Indian film and theatre actor

Shernaz Patel is an Indian film and theatre actress, who works in Hindi and English films, most known for her roles in films like Black (2005) and Guzaarish (2010) and English language theatre in Mumbai. She made her theatre debut with The Diary Of Anne Frank in 1984. Since then, she has acted in several noted productions in Mumbai-based English theatre, and formed RAGE theatre group in Mumbai, with Rahul da Cunha and Rajit Kapur in 1993. She has also given voice to the character of Yashoda in the TV series Little Krishna.

==Early life and education==
Born in Mumbai, Shernaz is the daughter of Parsi stage veterans Ruby and Burjor Patel and grew up in a theatre environment. She did her schooling at Fort Convent school, where she participated in plays directed by Pearl Padamsee. She graduated from the Elphinstone College, University of Mumbai. Subsequently, she did her master's degree in acting from the Royal Scottish Academy of Music and Drama.

==Career==
She made her film debut with Mahesh Bhatt's TV film Janam (1986) alongside Kumar Gaurav. In 1992, she performed the lead in the English play, Love Letters for the first time, along with Rajit Kapoor, under the direction of Rahul da Cunha. The play is still being performed.
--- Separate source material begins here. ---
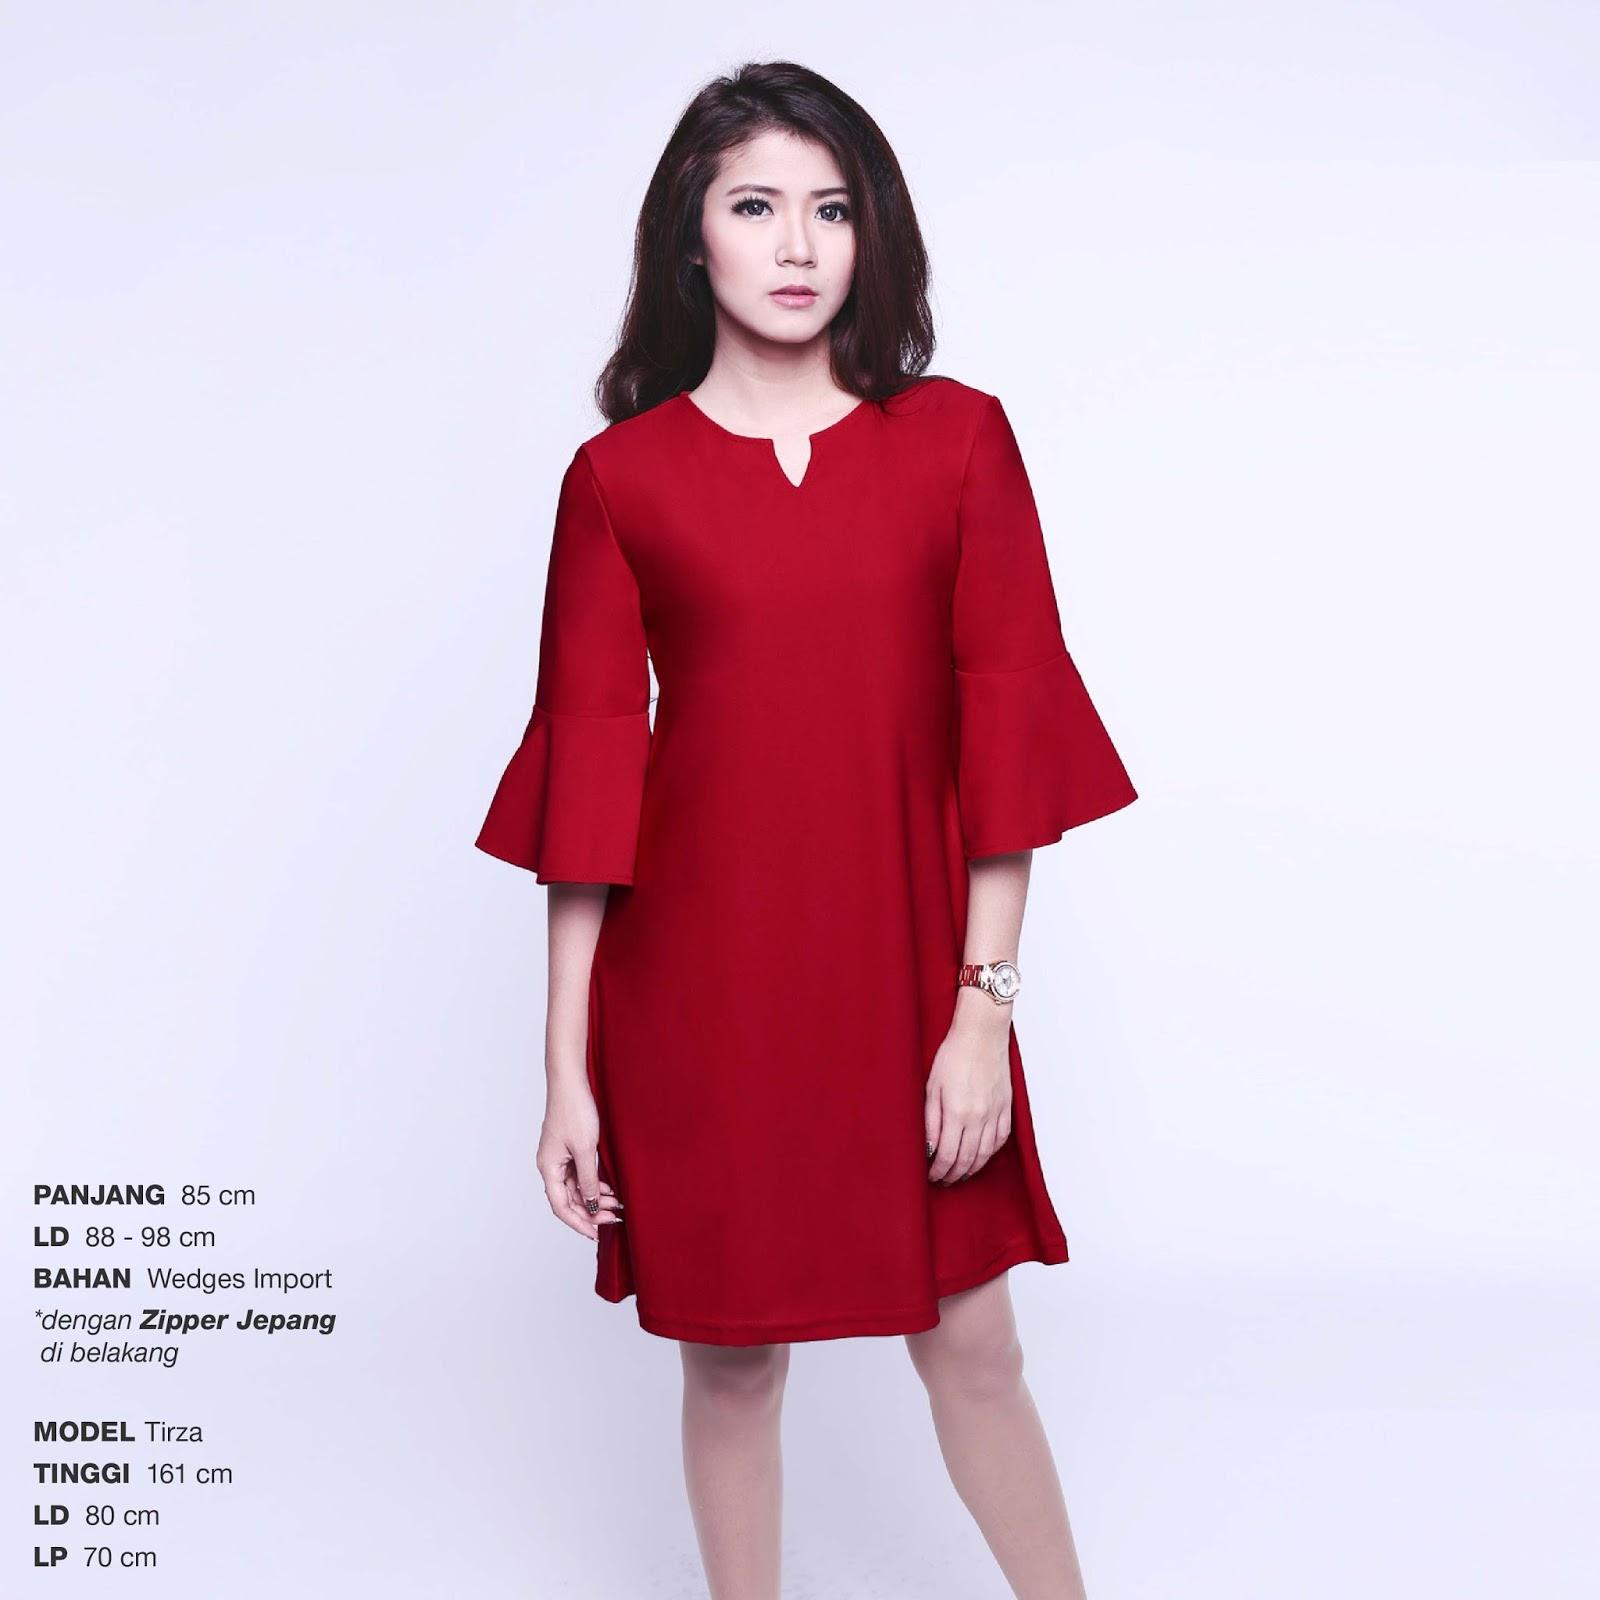 Wedges Import Tulip Key Tunic Dress Gaun Pakaian Wanita Ds854 Sabrina Tied Sleeve Blouse Atasan Bl885 Bahan
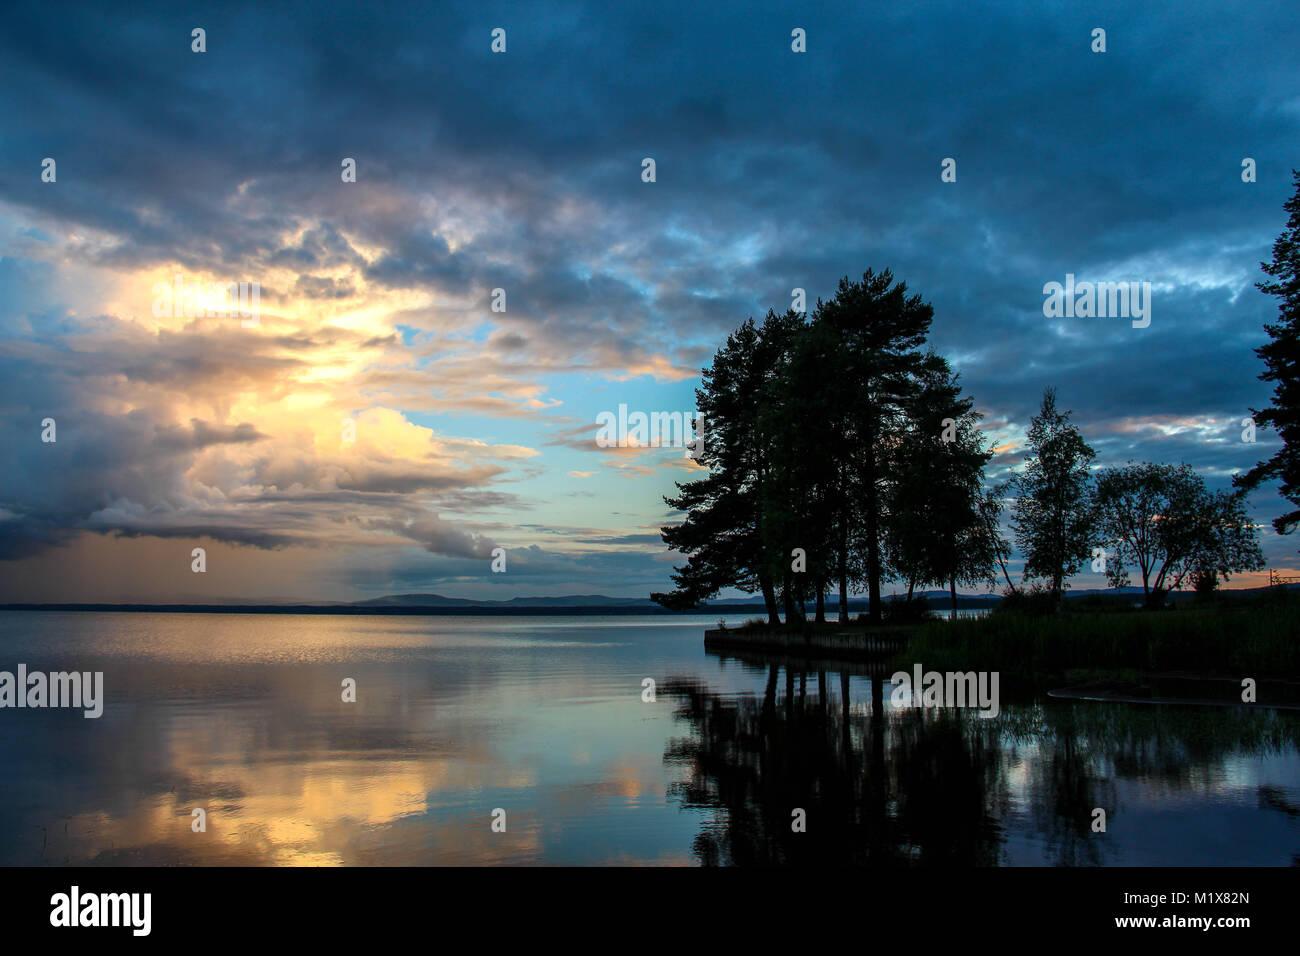 Sunset by Orsa Lake in Dalarna, Sweden. Stock Photo

In 2008 she returned to soap operas after 23 years of filming in various movies.

In 2009, she acted in screenwriter and Mira Nair's long-time collaborator Sooni Taraporevala's directorial debut film, Little Zizou. In 2011 she appeared in Rockstar. In 2012, she appeared in Reema Kagti's suspense-drama Talaash.

In 2014 she performed at the Times Noida festival along with other actors such as Rajit Kapur and Neil Bhoopalam.

In 2015 she acted in a YouTube mini-series by YashRaj Films called "Bang Baaja Baaraat" along with Ali Fazal, Angira Dhar, Gajraj Rao, Rajit Kapur, Ayesha Raza, Neil Bhoopalam, Preetika Chawla and Priyanshu Painyuli.

In 2016 she was seen in season finale of TVF Tripling, portraying the role of mother of the siblings.

She also narrated J. R. D. Tata's biography by Charkha Audiobooks, Beyond the Last Blue Mountain written by R. M. Lala alongside Boman Irani who provided the voice of J. R. D. Tata.

==Filmography==
- Khandaan (1985)
- Janam (1986)
- Black (2005)
- Home Delivery (2005)
- Family — Ties of Blood (2006)
- Humko Deewana Kar Gaye (2006)
- Dum Kaata (2007)
- Big Brother (2007)
- Dhan Dhana Dhan Goal (2007)
- Little Zizou (2009)
- The President Is Coming (2009) (English)
- Kalpavriksha
- Hum Tum Aur Ghost (2010)
- Lamhaa (2010)
- Guzaarish (2010)
- O Maria (2010) (Konkani)
- I Am (2011)
- Rockstar (2011)
- Love, Wrinkle-free (2012) (English)
- Talaash (2012) – Frenny
- Gandhi of the Month (2012) Post-production
- Kalpvriksh (2012)
- Aatma (2013)
- John Day (2013)
- Gandhi of the Month (2014)
- Roy (2015)
- Azhar (2016)
- The Black Cat (2017)
- 36 Days 2024
- Shekhar Home 2024
- Bokshi 2026

==Dubbing roles==

===Live action films===

| Film title | Actor(s) | Character | Dub Language | Original Language | Original Year Release | Dub Year Release | Notes |
|---|---|---|---|---|---|---|---|
| Doctor Strange | Tilda Swinton | The Ancient One | Hindi | English | 2016 | 2016 |  |
| Avengers: Endgame | Tilda Swinton | The Ancient One | Hindi | English | 2019 | 2019 |  |

===Animated films===

| Film title | Original Voice(s) | Character | Dub Language | Original Language | Original Year Release | Dub Year Release | Notes |
|---|---|---|---|---|---|---|---|
| How to Train Your Dragon 2 | Cate Blanchett | Valka | Hindi | English | 2014 | 2014 |  |
| How to Train Your Dragon: The Hidden World | Cate Blanchett | Valka | Hindi | English | 2019 | 2019 |  |
| The Lion King | Alfre Woodard | Sarabi | Hindi | English | 2019 | 2019 |  |

===Television/Web series===

| Title | Actor(s) | Character | Dub Language | Original Language | Original Year Release | Dub Year Release | Notes |
|---|---|---|---|---|---|---|---|
| The Falcon and the Winter Soldier | Amy Aquino | Christina Raynor | Hindi | English | 2021 | 2021 |  |

==Awards==
- 2011 Star Screen Award for Best Supporting Actress – Guzaarish
- 2023 Best Supporting Actress Comedy series at 2023 Filmfare OTT Awards - TVF Tripling (season 3)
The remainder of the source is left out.